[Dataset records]

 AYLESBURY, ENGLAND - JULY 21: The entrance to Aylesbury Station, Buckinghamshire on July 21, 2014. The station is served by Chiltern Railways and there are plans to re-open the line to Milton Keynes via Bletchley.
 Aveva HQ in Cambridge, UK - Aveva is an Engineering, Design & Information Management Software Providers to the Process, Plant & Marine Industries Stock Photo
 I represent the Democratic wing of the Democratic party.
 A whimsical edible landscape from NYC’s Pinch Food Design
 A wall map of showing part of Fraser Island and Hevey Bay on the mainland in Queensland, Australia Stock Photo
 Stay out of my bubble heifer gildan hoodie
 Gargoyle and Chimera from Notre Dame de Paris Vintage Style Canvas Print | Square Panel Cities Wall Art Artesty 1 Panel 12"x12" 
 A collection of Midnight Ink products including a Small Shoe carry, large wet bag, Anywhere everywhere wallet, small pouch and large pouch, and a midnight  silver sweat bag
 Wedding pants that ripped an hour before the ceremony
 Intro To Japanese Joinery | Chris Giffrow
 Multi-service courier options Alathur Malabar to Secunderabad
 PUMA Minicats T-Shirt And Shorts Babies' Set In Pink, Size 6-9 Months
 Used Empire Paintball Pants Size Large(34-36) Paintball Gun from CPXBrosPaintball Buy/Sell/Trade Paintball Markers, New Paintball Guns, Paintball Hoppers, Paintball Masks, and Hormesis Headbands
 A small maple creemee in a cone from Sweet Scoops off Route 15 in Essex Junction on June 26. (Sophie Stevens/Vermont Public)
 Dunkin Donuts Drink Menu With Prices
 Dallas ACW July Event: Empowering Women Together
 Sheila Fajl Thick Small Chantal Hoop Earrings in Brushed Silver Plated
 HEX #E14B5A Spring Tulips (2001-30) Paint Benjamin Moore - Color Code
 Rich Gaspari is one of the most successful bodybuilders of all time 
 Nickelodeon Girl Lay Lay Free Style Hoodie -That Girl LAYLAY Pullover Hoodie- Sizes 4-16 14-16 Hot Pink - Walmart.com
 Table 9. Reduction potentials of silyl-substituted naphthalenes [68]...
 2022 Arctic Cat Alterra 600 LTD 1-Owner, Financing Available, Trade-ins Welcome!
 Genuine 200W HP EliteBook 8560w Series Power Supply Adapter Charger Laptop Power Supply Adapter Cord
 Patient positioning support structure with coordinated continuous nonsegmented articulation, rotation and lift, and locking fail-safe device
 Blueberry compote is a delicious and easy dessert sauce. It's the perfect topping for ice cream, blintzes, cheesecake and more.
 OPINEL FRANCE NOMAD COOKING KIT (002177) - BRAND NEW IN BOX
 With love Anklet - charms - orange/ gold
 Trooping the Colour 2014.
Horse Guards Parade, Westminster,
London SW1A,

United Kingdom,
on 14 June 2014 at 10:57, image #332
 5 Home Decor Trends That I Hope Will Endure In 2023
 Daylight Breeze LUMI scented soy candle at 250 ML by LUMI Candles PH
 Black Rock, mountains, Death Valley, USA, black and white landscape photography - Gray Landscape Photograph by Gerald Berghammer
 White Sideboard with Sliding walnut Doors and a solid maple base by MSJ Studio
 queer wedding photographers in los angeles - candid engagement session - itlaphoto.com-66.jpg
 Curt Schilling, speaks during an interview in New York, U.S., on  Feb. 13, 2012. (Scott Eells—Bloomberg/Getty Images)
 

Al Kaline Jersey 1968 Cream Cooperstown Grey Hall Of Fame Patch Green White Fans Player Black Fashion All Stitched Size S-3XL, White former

* [EXERCISE]: Reproduce each line of the data containing the word "Style".

* [ANSWER TO THE PROBLEM]:
 Gargoyle and Chimera from Notre Dame de Paris Vintage Style Canvas Print | Square Panel Cities Wall Art Artesty 1 Panel 12"x12" 
 Nickelodeon Girl Lay Lay Free Style Hoodie -That Girl LAYLAY Pullover Hoodie- Sizes 4-16 14-16 Hot Pink - Walmart.com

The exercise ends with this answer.